**Required action:**
Pictures are to be left out. Return exactly the lines below from the one with "pre-sell New Overlord" up to and including the one with "Free Marinandte Dupain".

**The records:**
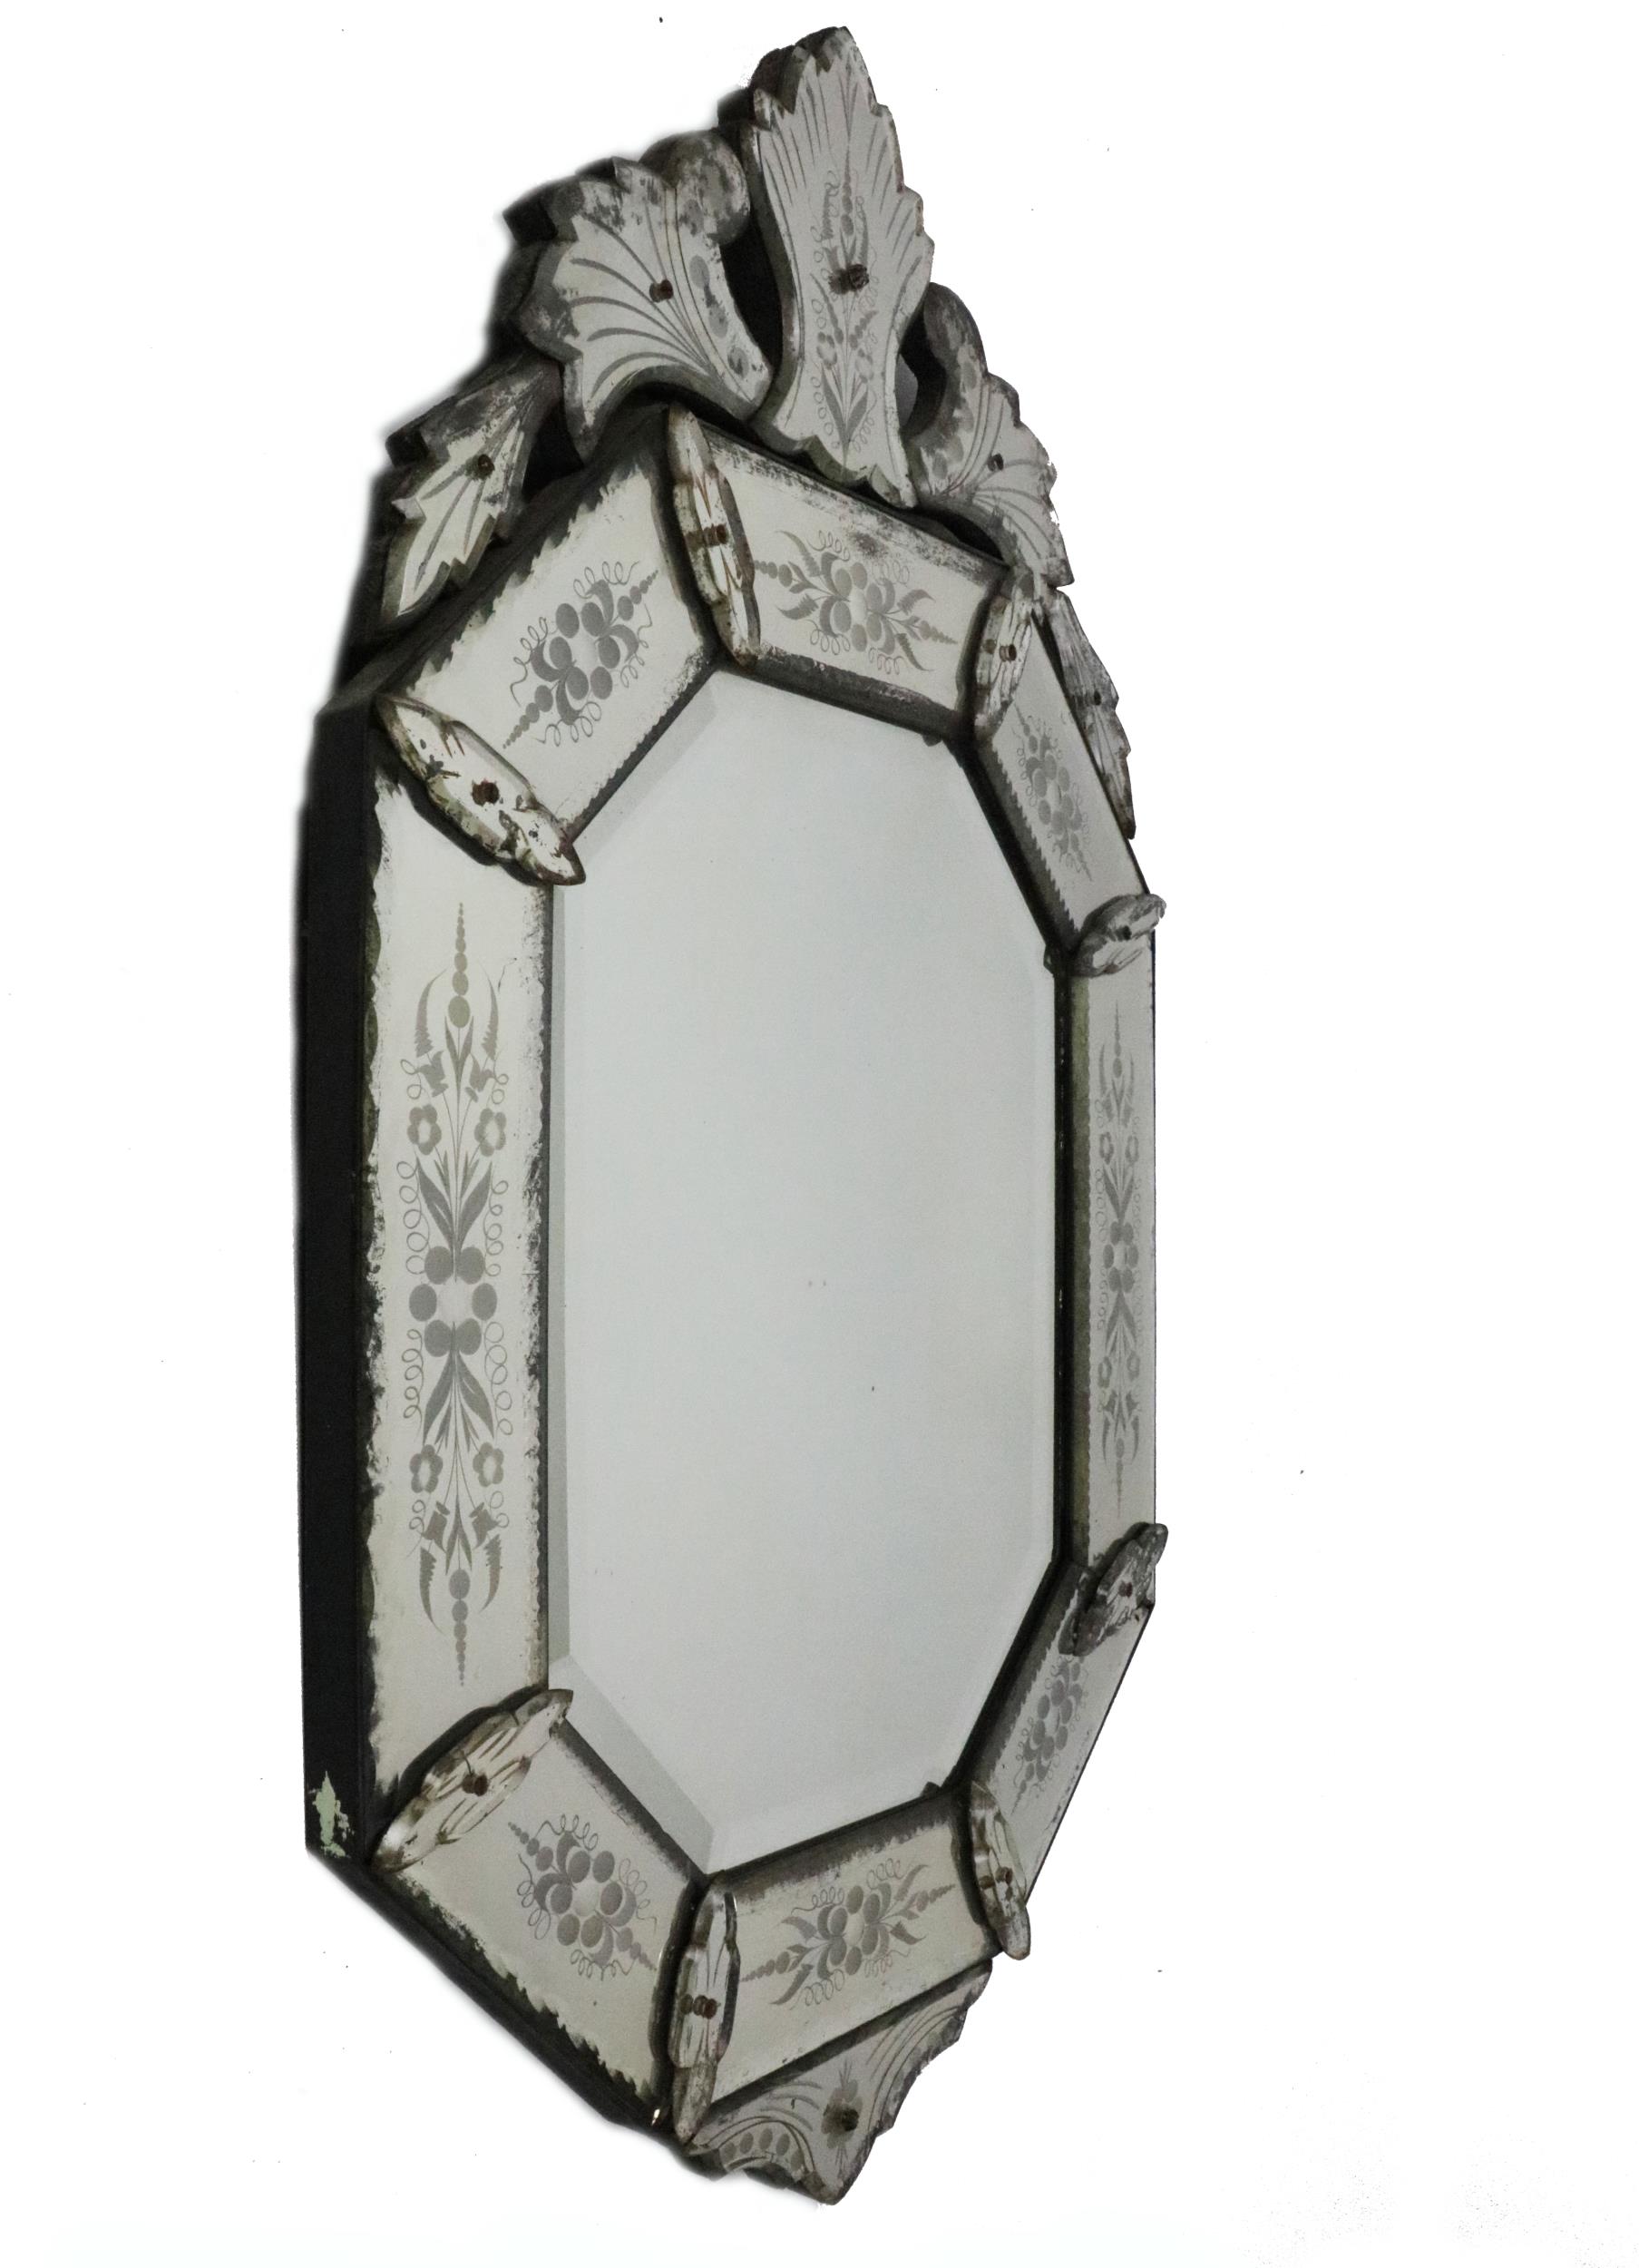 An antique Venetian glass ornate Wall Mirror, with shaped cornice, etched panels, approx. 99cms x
--
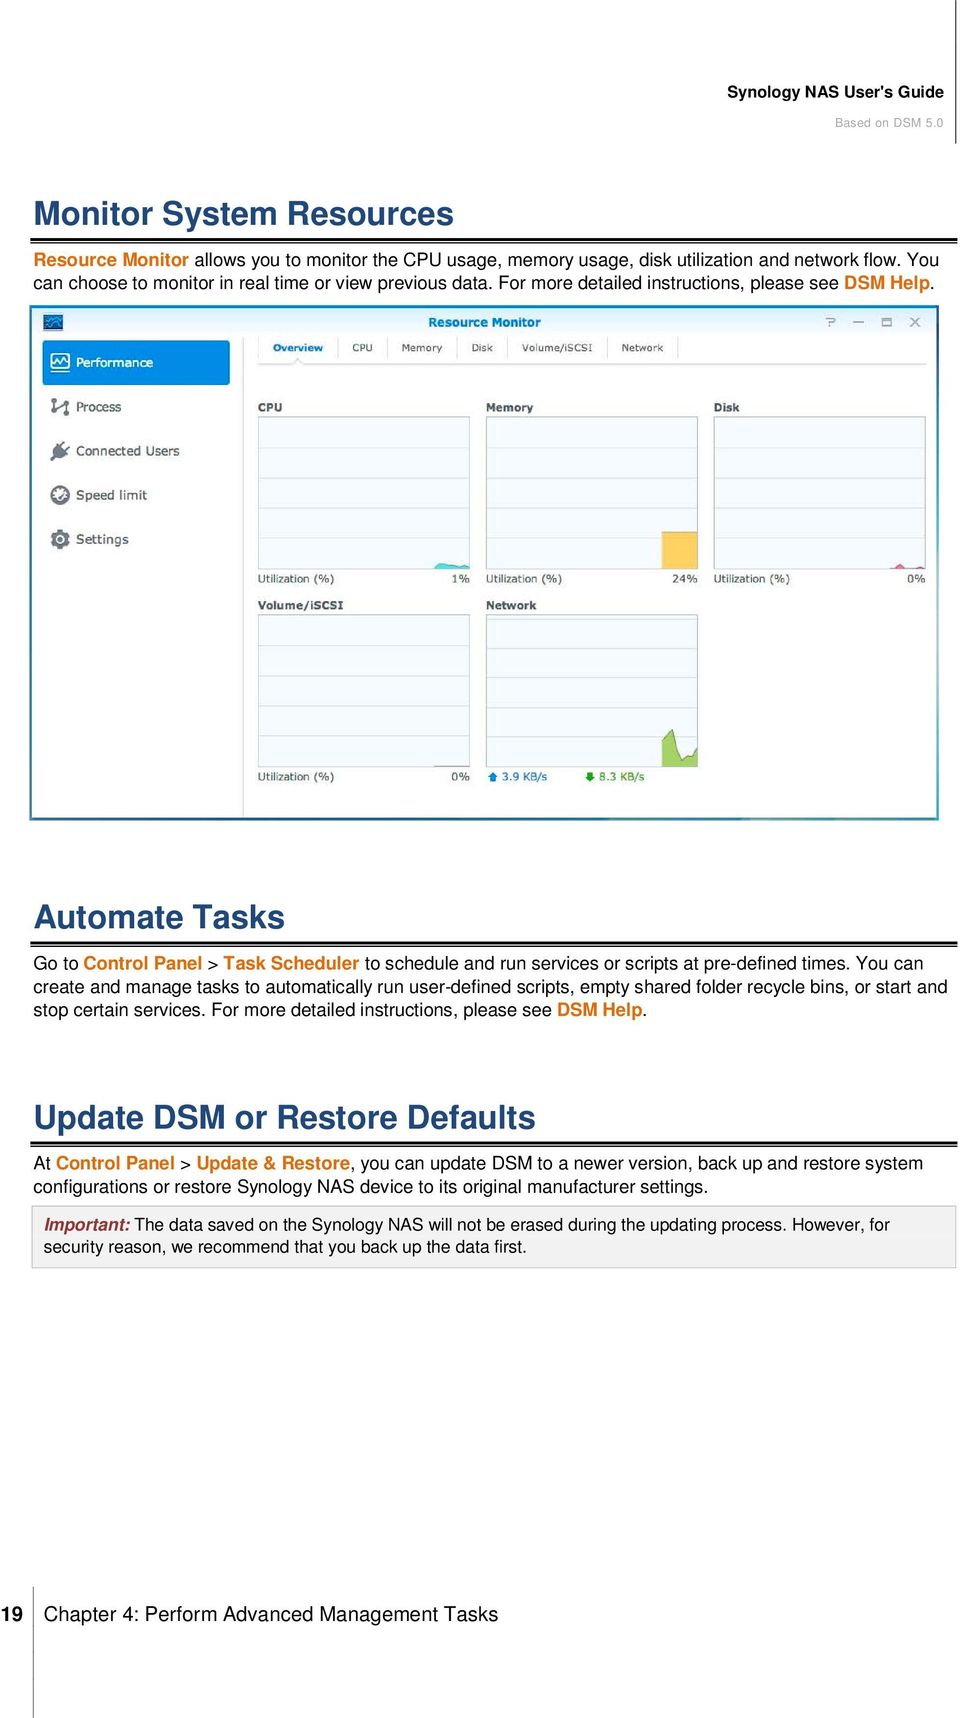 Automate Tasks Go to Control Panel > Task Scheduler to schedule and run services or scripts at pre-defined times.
...
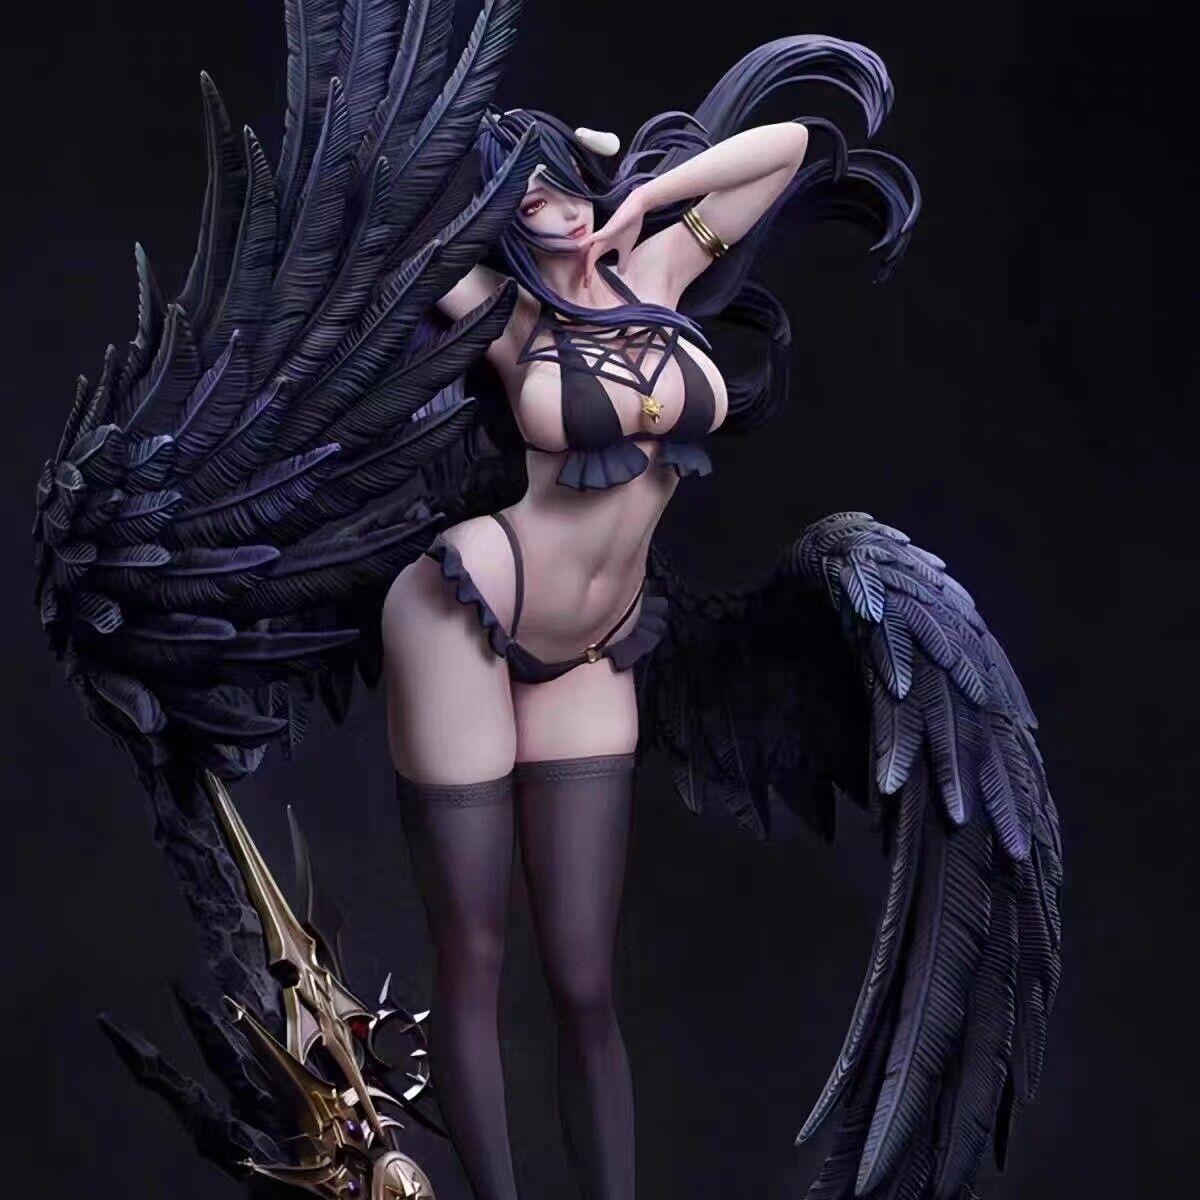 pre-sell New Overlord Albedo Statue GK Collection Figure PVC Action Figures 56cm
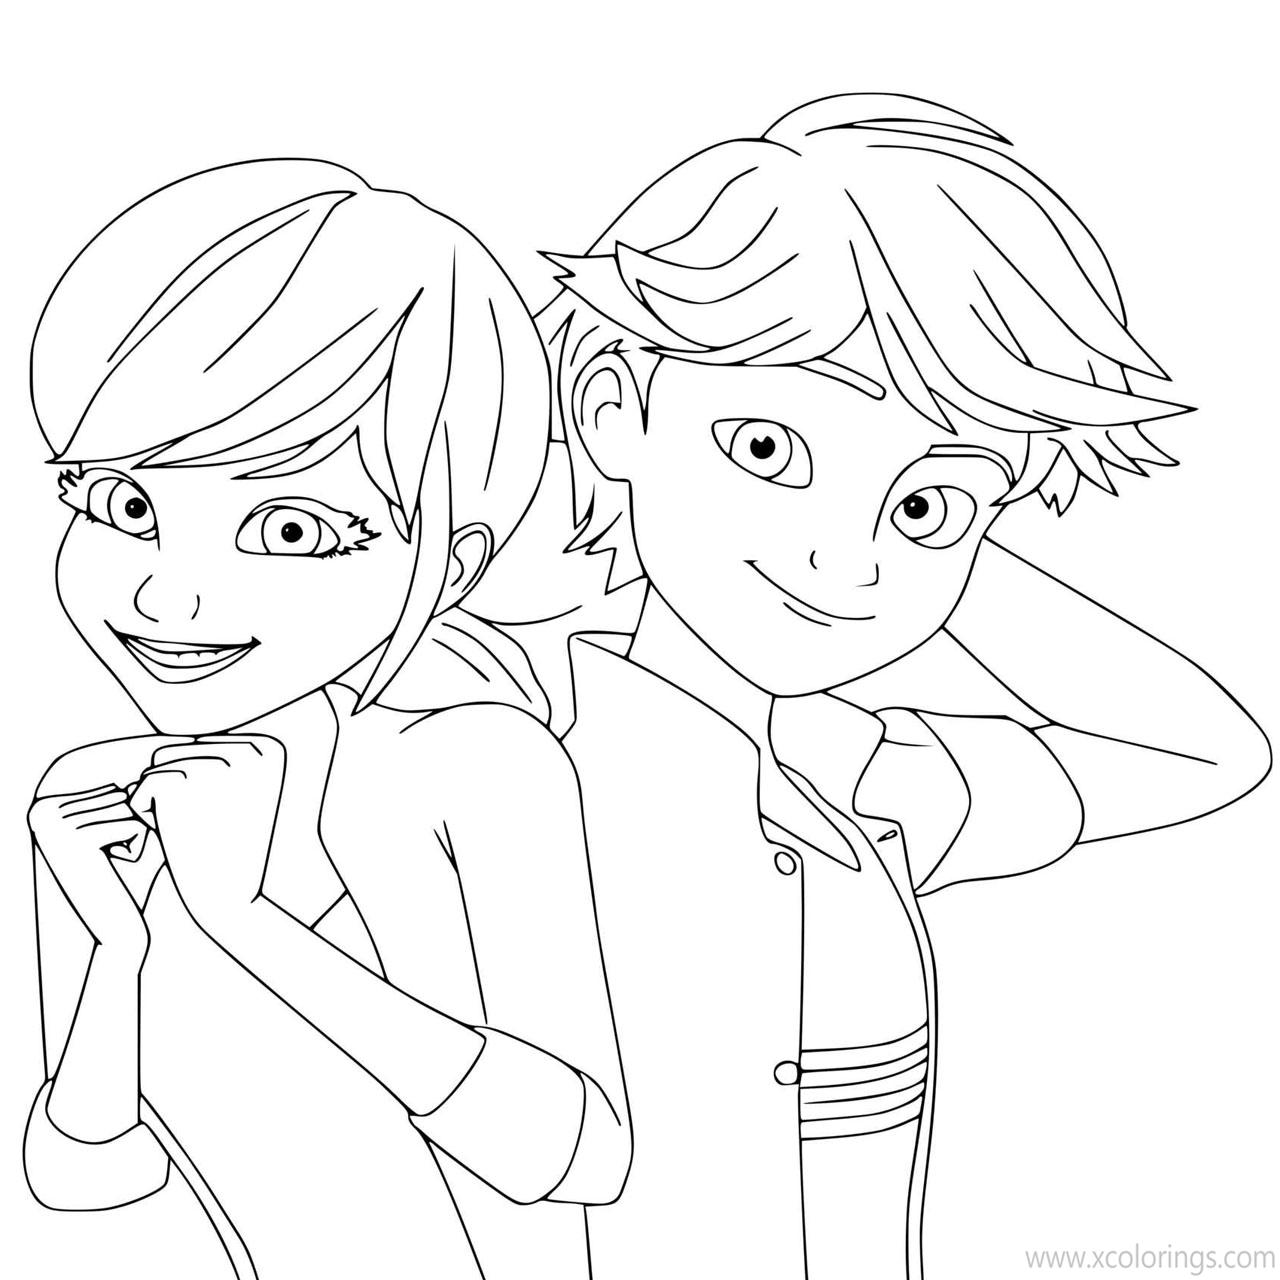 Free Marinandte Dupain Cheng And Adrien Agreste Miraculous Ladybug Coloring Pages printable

**Exercise output:**
 pre-sell New Overlord Albedo Statue GK Collection Figure PVC Action Figures 56cm
 Free Marinandte Dupain Cheng And Adrien Agreste Miraculous Ladybug Coloring Pages printable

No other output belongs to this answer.